**Task input**
*** Block opens ***
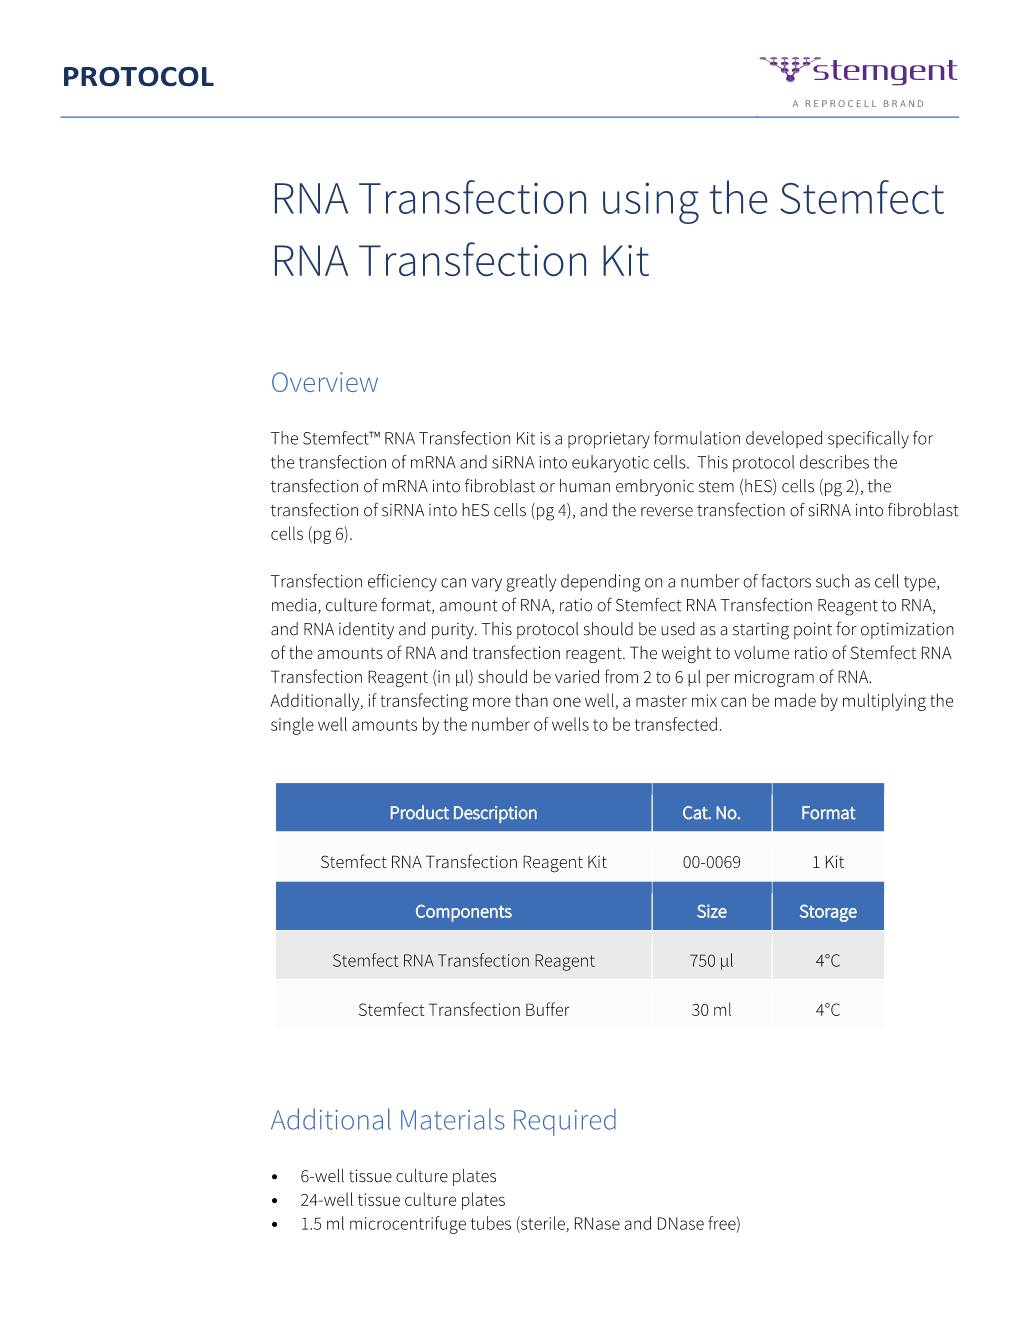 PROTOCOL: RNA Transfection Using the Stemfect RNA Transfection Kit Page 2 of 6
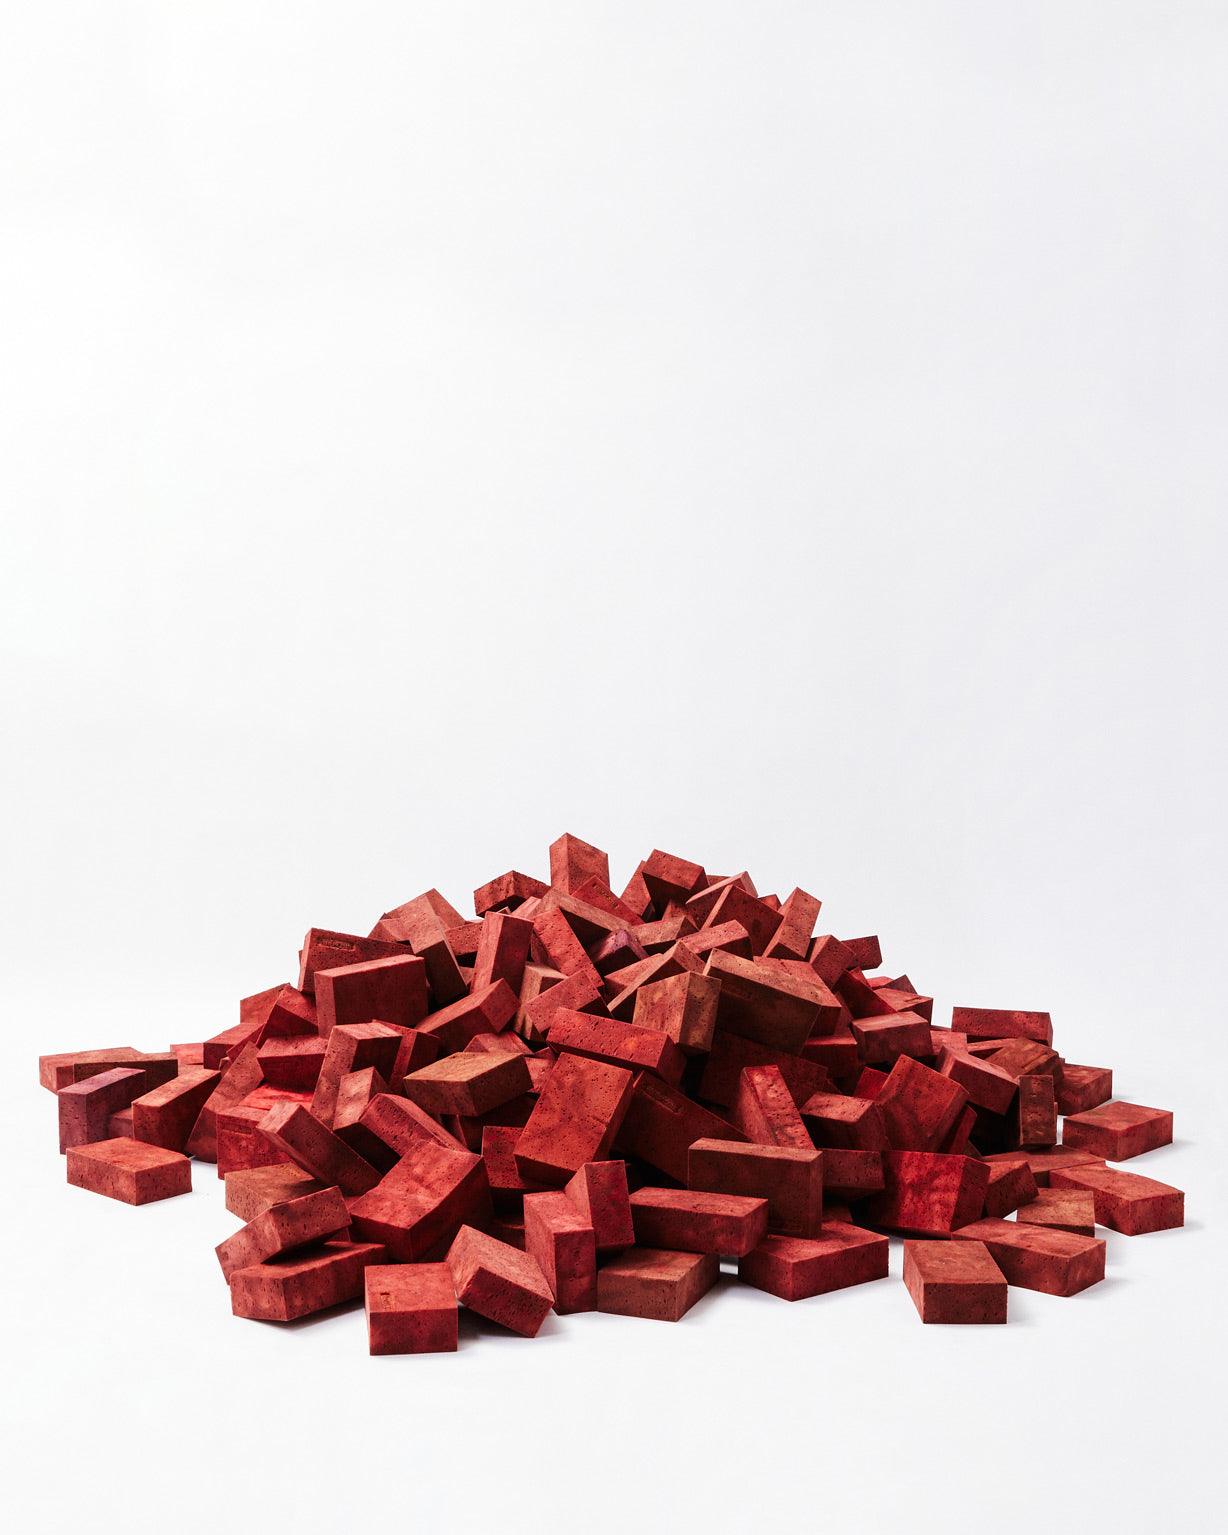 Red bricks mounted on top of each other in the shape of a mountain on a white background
*** Block closes ***
*** Block opens ***
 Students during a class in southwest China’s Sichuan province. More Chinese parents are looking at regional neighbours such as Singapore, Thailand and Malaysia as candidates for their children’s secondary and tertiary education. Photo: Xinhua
*** Block closes ***
**Exercise directions**
Range to copy from the records above: the line containing "PROTOCOL: RNA Transfection" to the line containing "Red bricks mounted", both included. Output those lines exactly and only those, skipping pictures.

**Finished task**
 PROTOCOL: RNA Transfection Using the Stemfect RNA Transfection Kit Page 2 of 6
 Red bricks mounted on top of each other in the shape of a mountain on a white background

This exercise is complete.